- _Collected material_:
*** Begin section ***

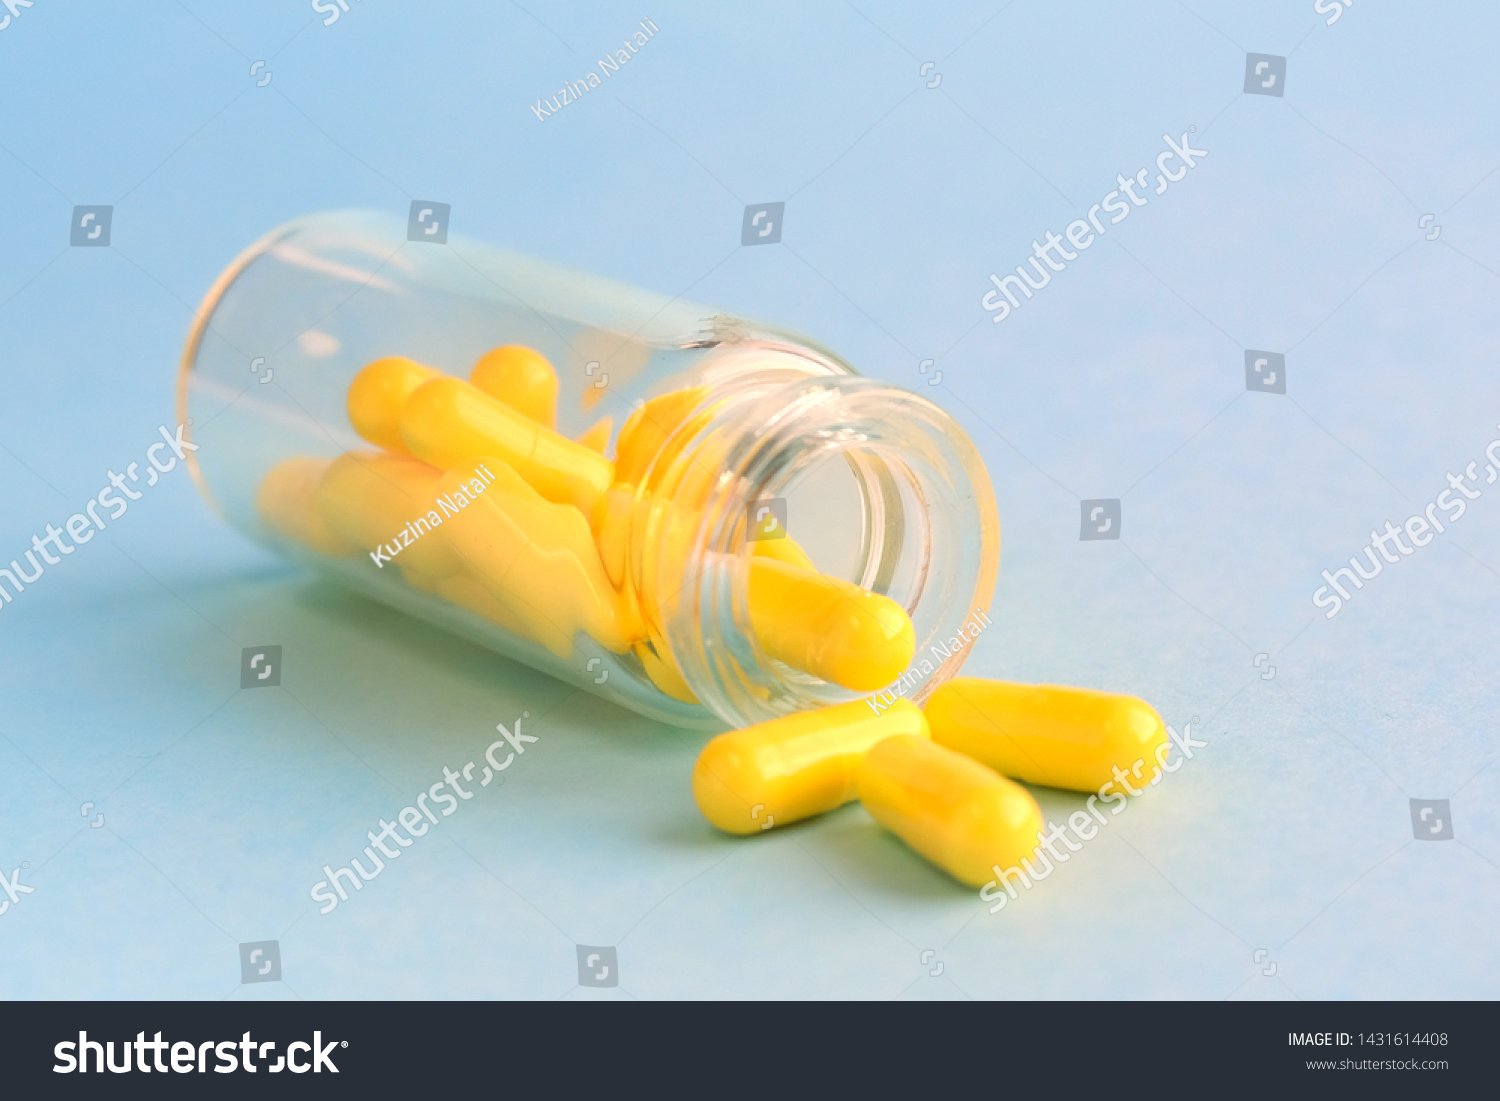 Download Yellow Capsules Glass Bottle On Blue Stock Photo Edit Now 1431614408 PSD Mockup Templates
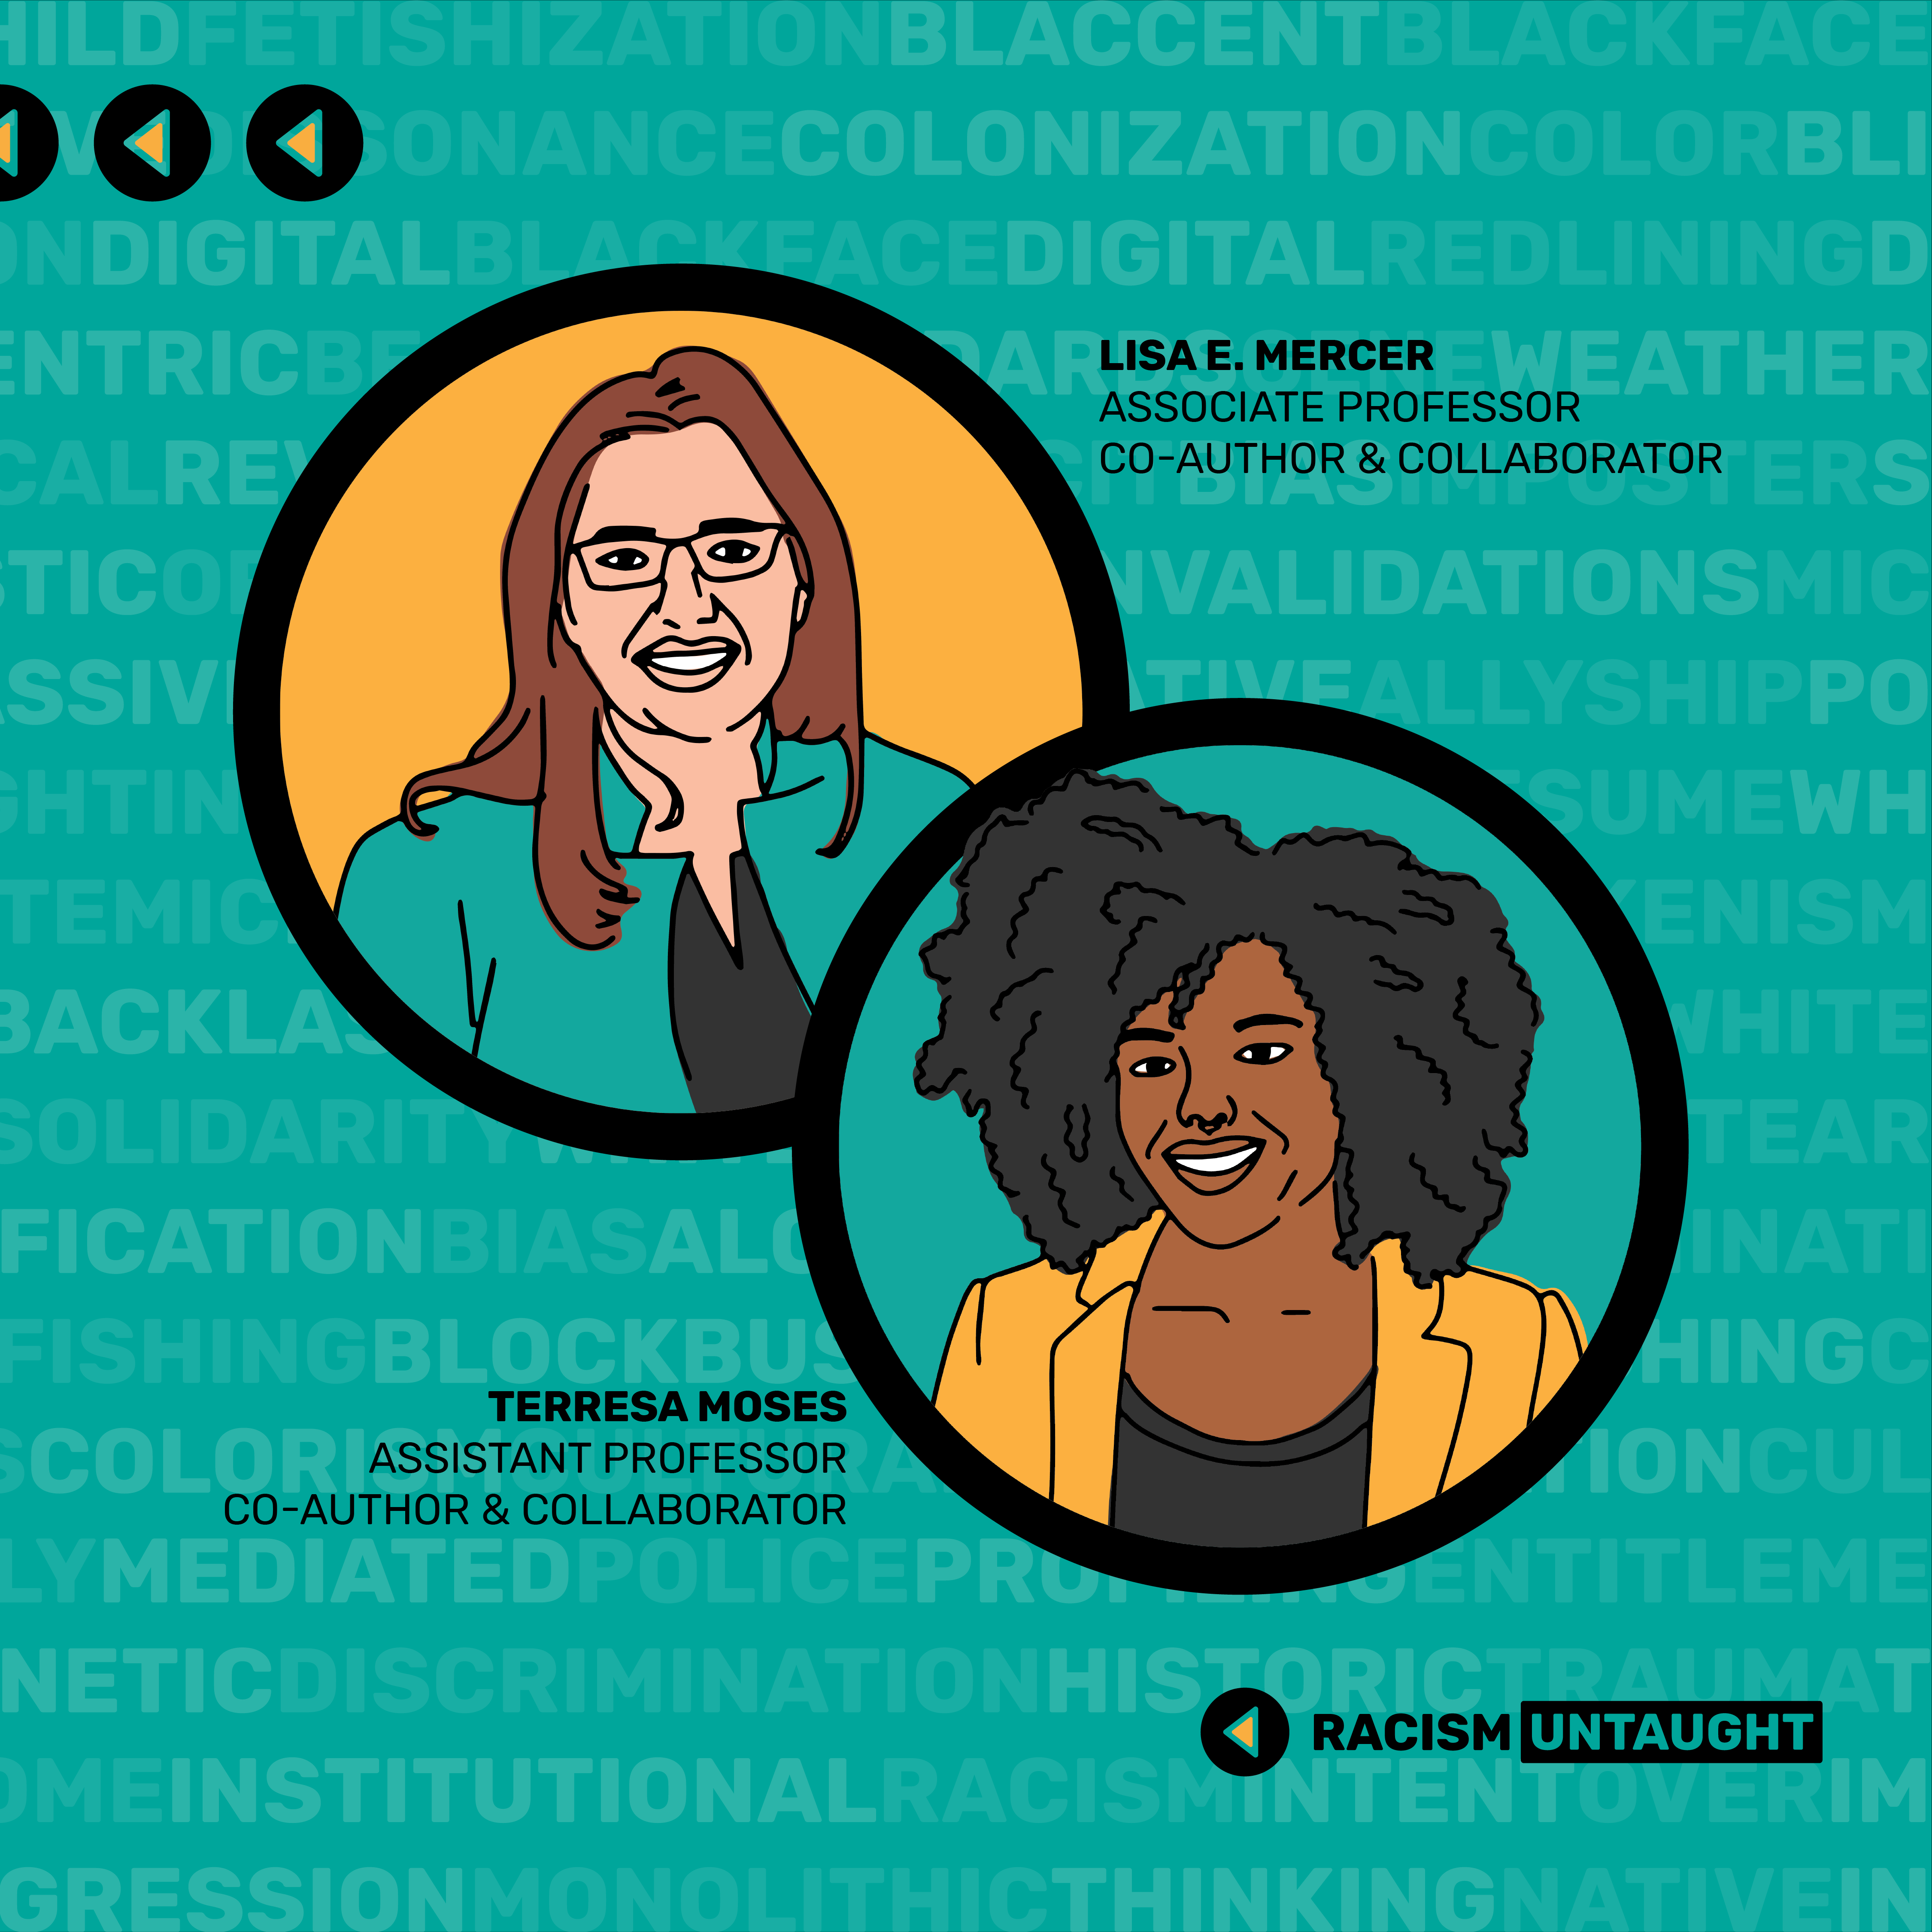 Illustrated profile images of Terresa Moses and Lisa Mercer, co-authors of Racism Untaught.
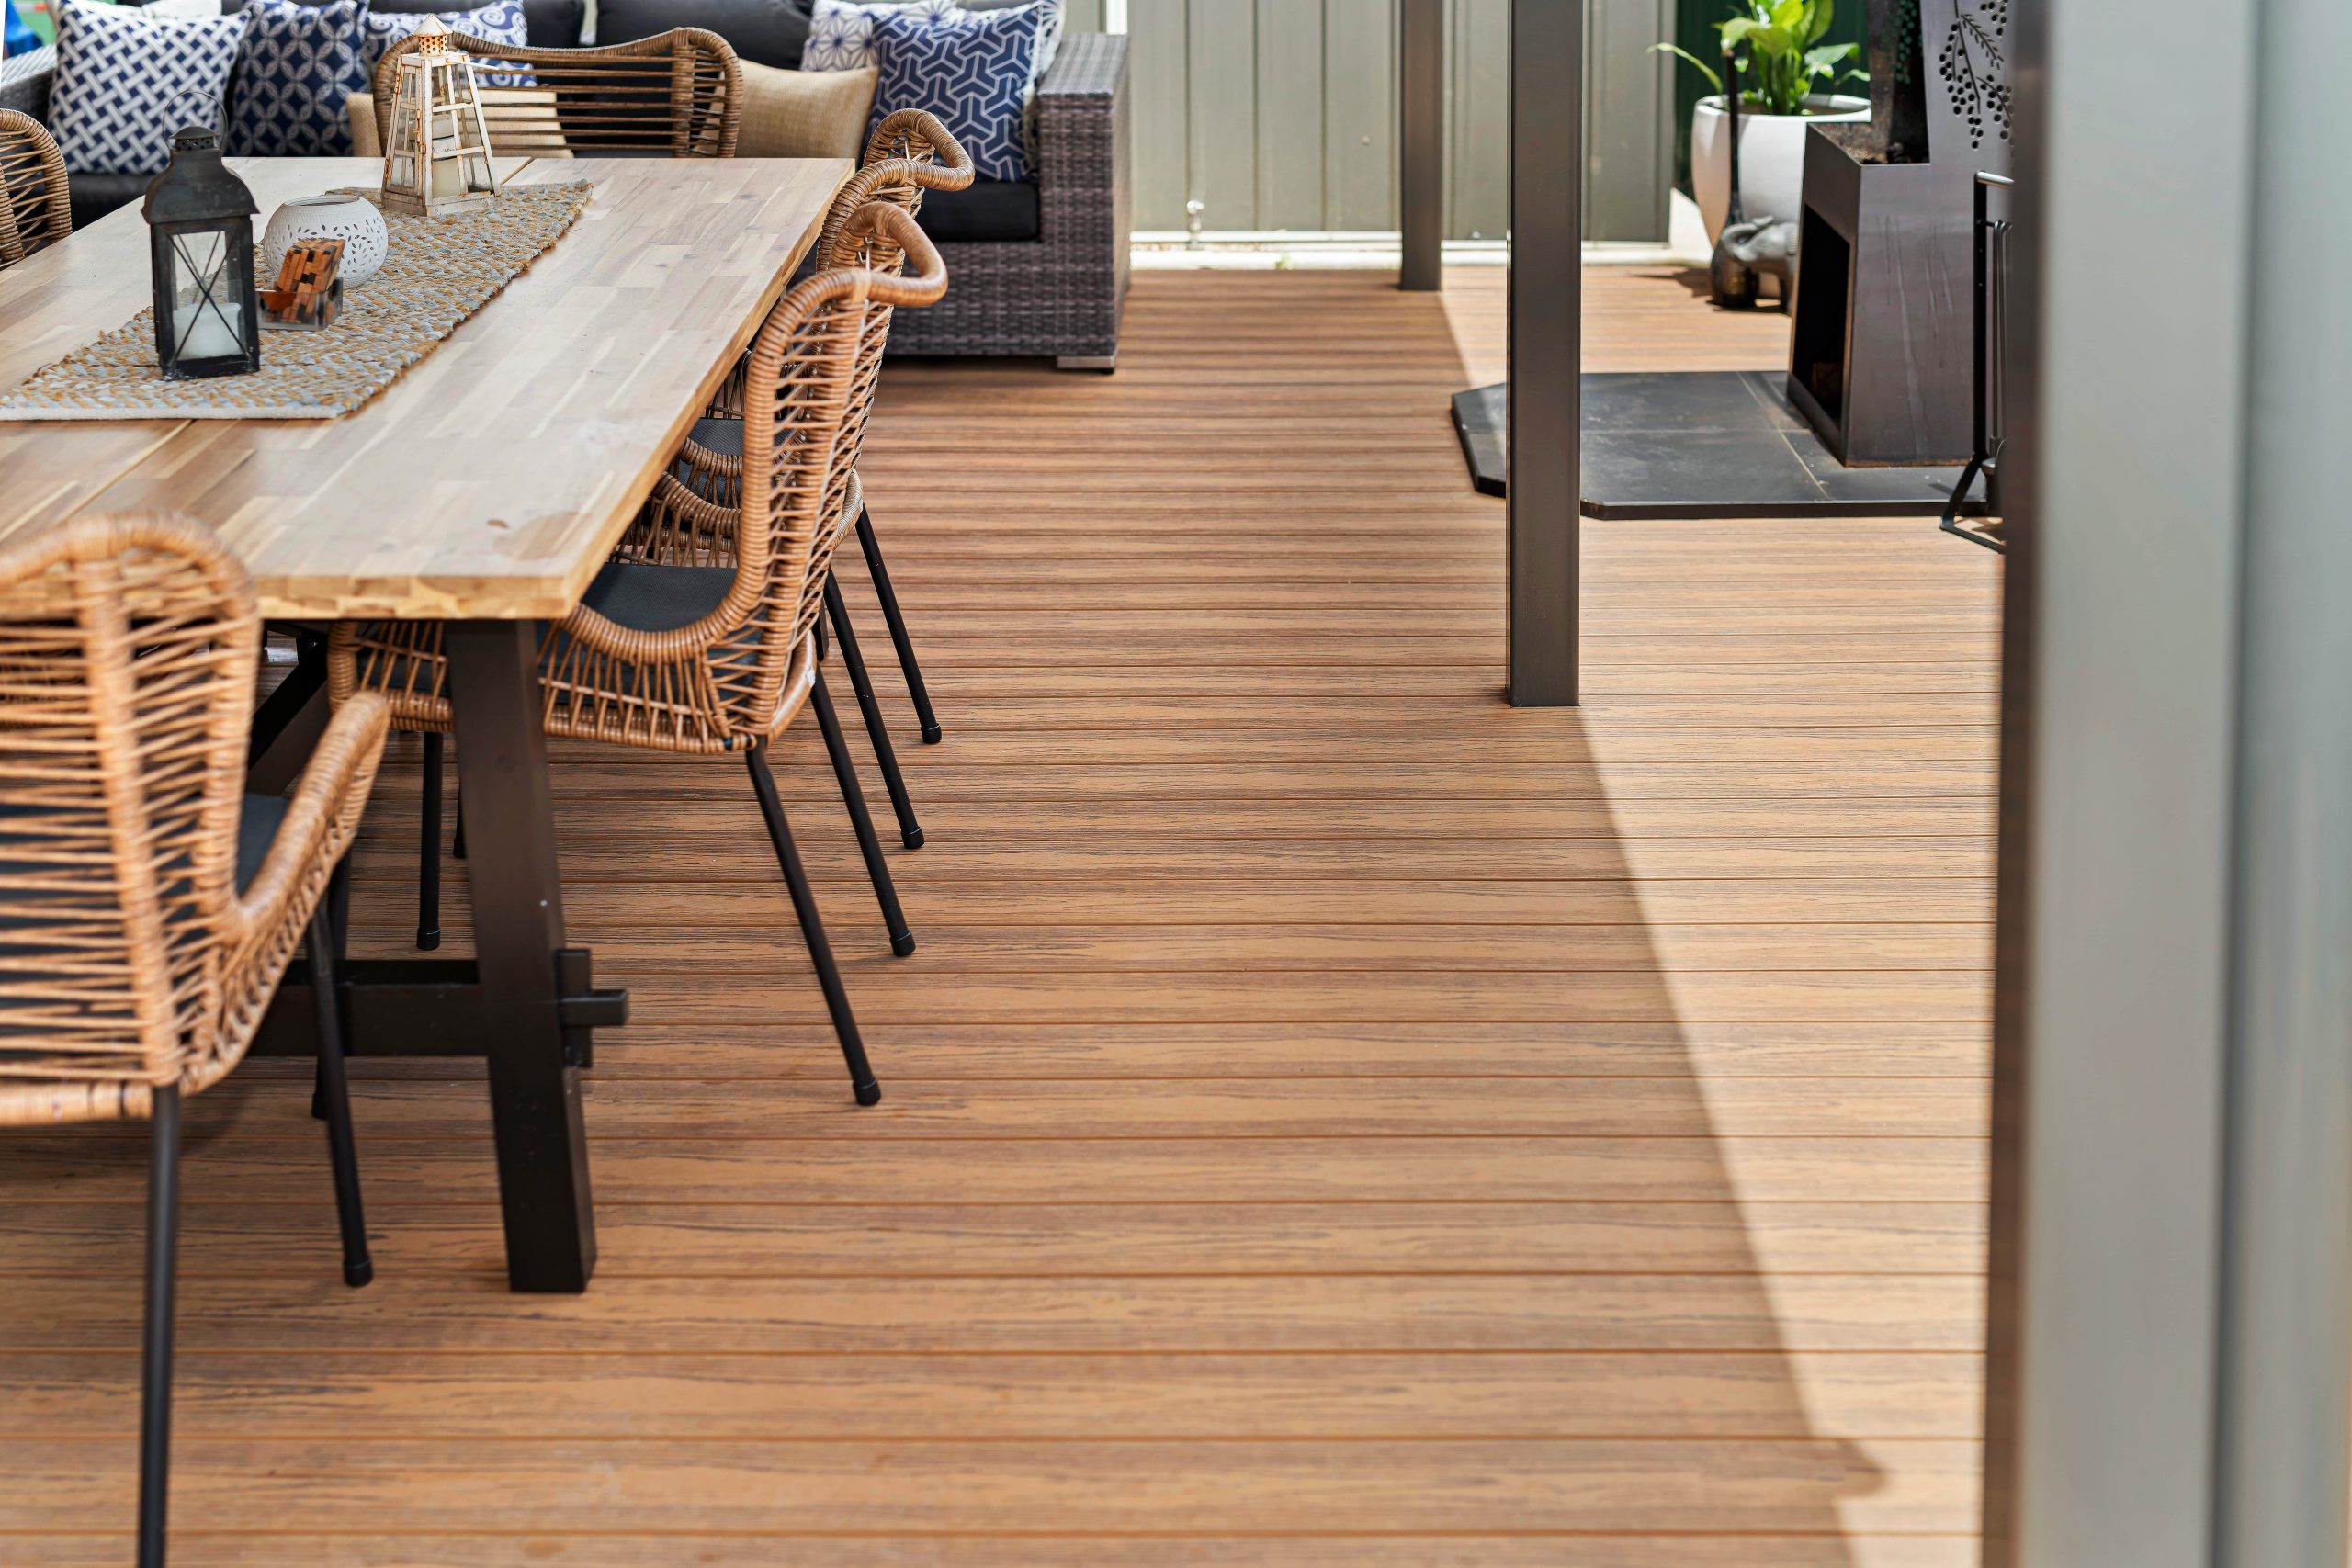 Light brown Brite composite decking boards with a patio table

*** End section ***

Retype the listing exactly and drop the pictures.

 Download Yellow Capsules Glass Bottle On Blue Stock Photo Edit Now 1431614408 PSD Mockup Templates
 Illustrated profile images of Terresa Moses and Lisa Mercer, co-authors of Racism Untaught.
 Light brown Brite composite decking boards with a patio table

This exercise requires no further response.